Office at Night is a 1940 oil-on-canvas painting by the American realist painter Edward Hopper. It is owned by the Walker Art Center in Minneapolis, Minnesota, which purchased it in 1948.

The painting depicts an office occupied by an attractive young woman in a short-sleeved blue dress who is standing at an open file cabinet, and a slightly older man who is perhaps in early middle age. He is dressed in a three-piece suit and is seated behind a desk. The nature of the office is unclear—it could just as easily be the office of a lawyer, an accountant or of a small business.

Interpretation
Several clues provide context. The high angle from which the viewer looks down on the office implies that the viewer may be looking in from a passing elevated train.
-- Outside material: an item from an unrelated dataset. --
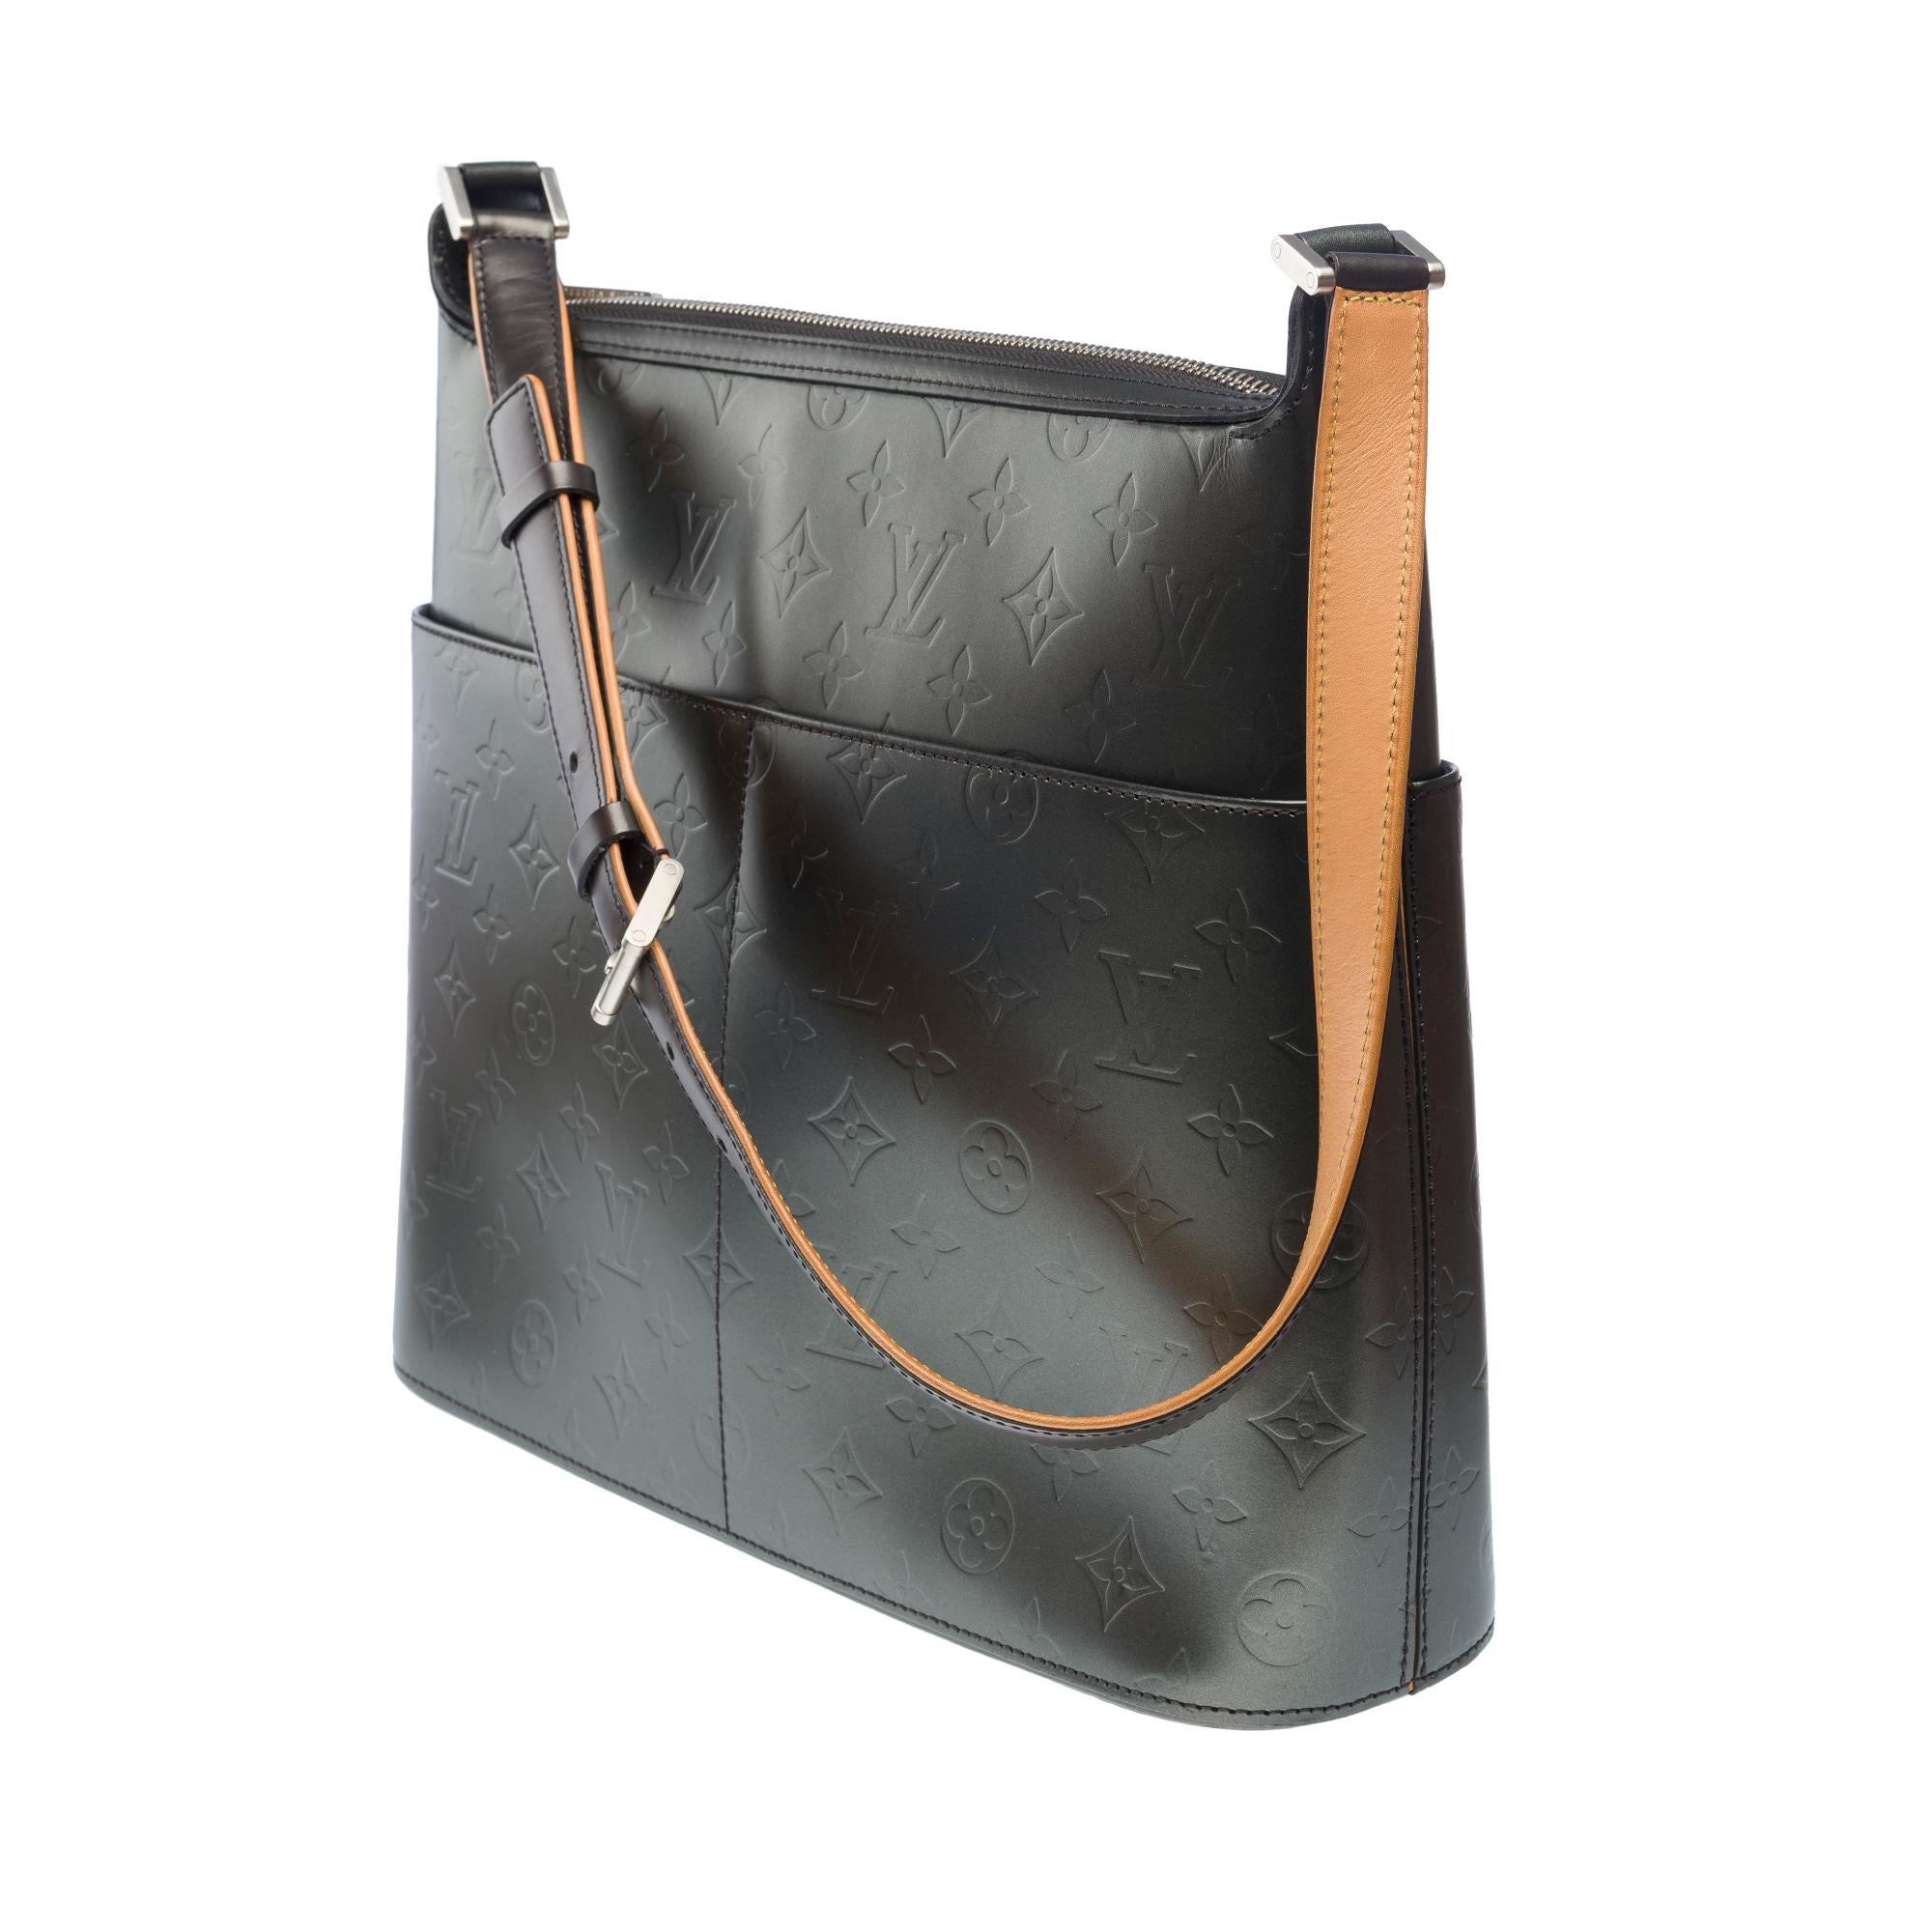 Women's Louis Vuitton Sutter shoulder bag in silver monogram leather, SHW For Sale

Indeed, Hopper later informed Norman A. Geske, the curator of the Walker Art Center which acquired the painting in 1948, that the idea for the painting was "probably first suggested by many rides on the 'L' train in New York City after dark glimpses of office interiors that were so fleeting as to leave fresh and vivid impressions on my mind." So this is not a prestige office—a fact that is reinforced by the awkward lozenge shape of the room and by the small size of the man’s desk. A yet smaller desk, holding a typewriter, may belong to the woman. This implies that she may be his secretary. 
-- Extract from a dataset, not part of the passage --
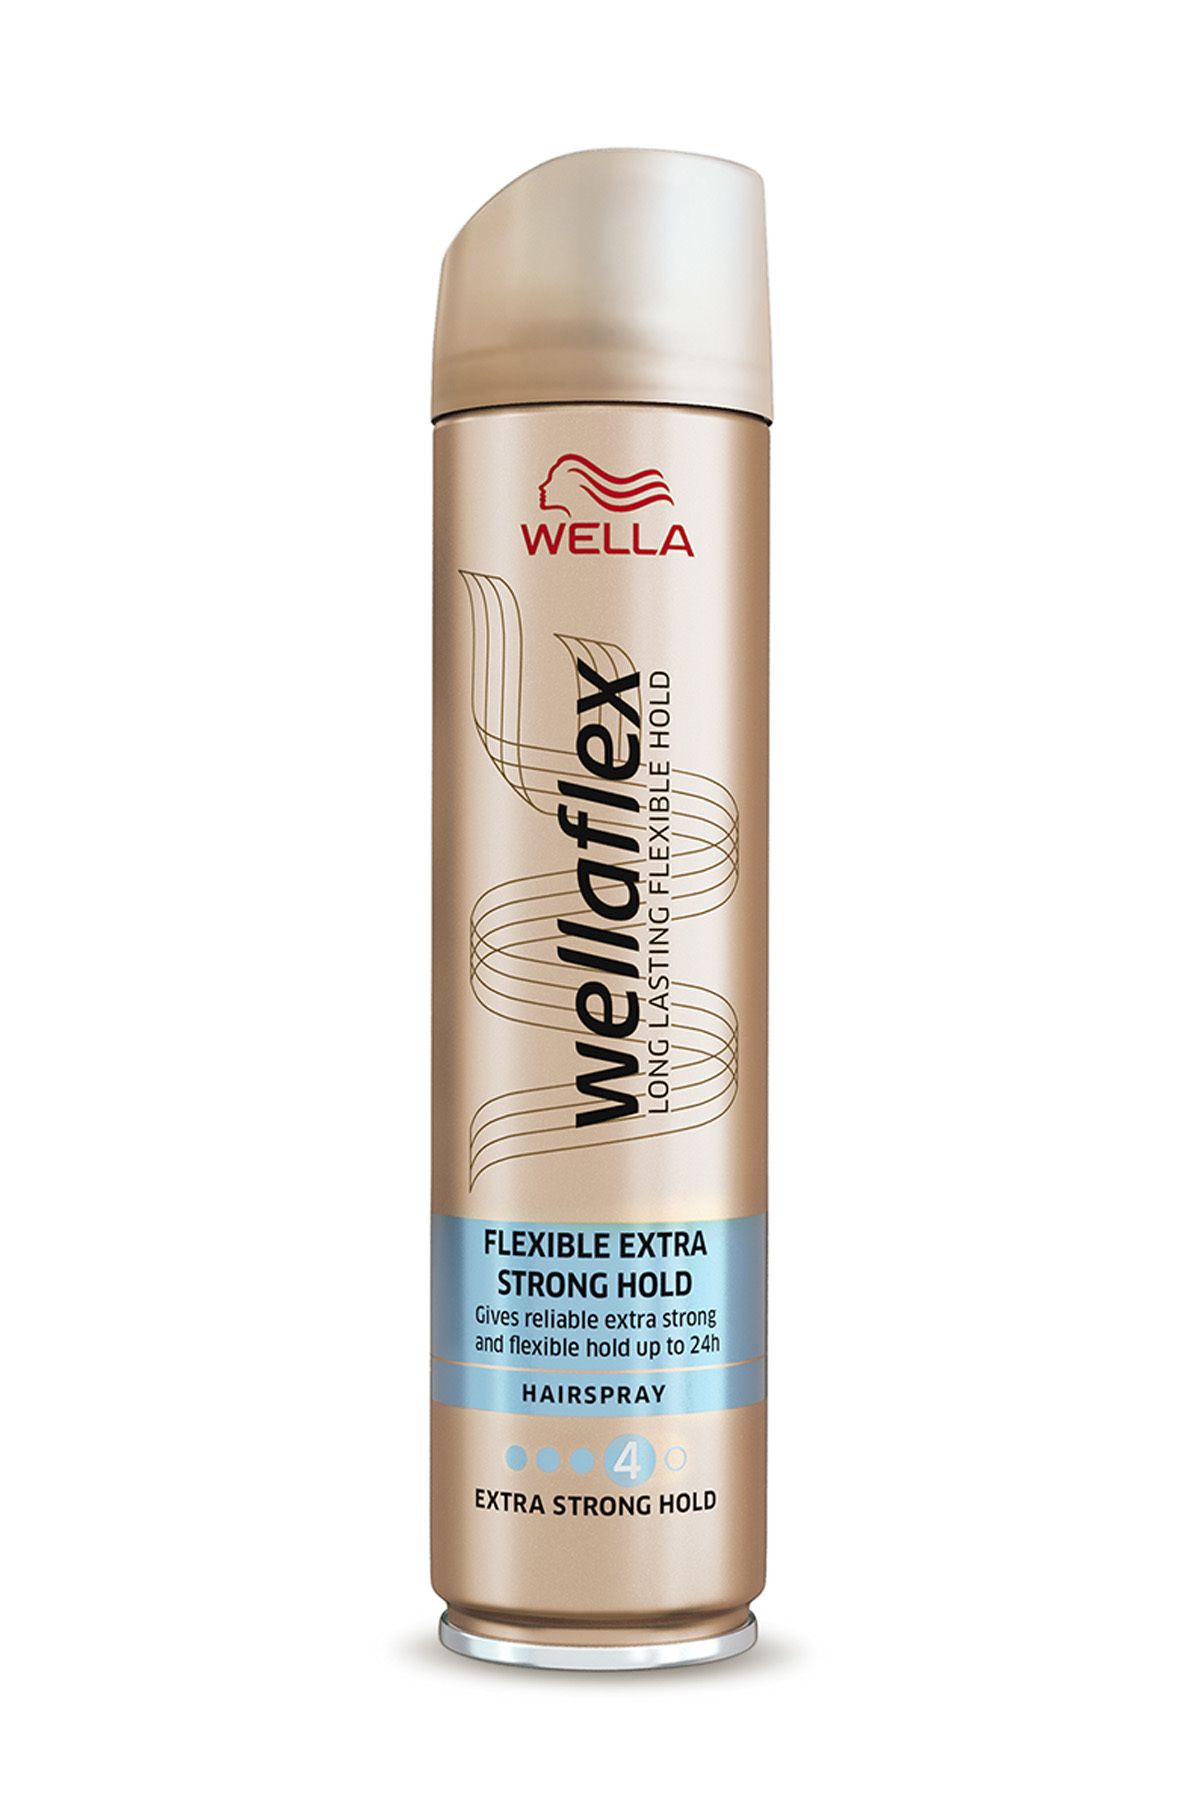 Wella Wellaflex Flexible Extra Strong Hold Saç Spreyi - 250 ml

Still, this is a corner office which indicates that within their small organization this is the most prestigious available space and therefore that the man is, perhaps, the manager or boss. 

As in many of his other paintings, Hopper shows movement by means of a wind-blown curtain. In this painting, the ring at the bottom of the drawstring on the blind is swinging outward after the blind has been blown in by a gust of wind—possibly in response to a cross-breeze caused by the passing train. 

The gust explains two other things. First, there is a sheet of paper on the floor beside the desk which must have just blown there from the desk as it has caught the woman’s eye. Second, the wind has blown the dress tightly around her legs, revealing her voluptuous figure to the strangers on the train—but not to the man who stares intently at another document.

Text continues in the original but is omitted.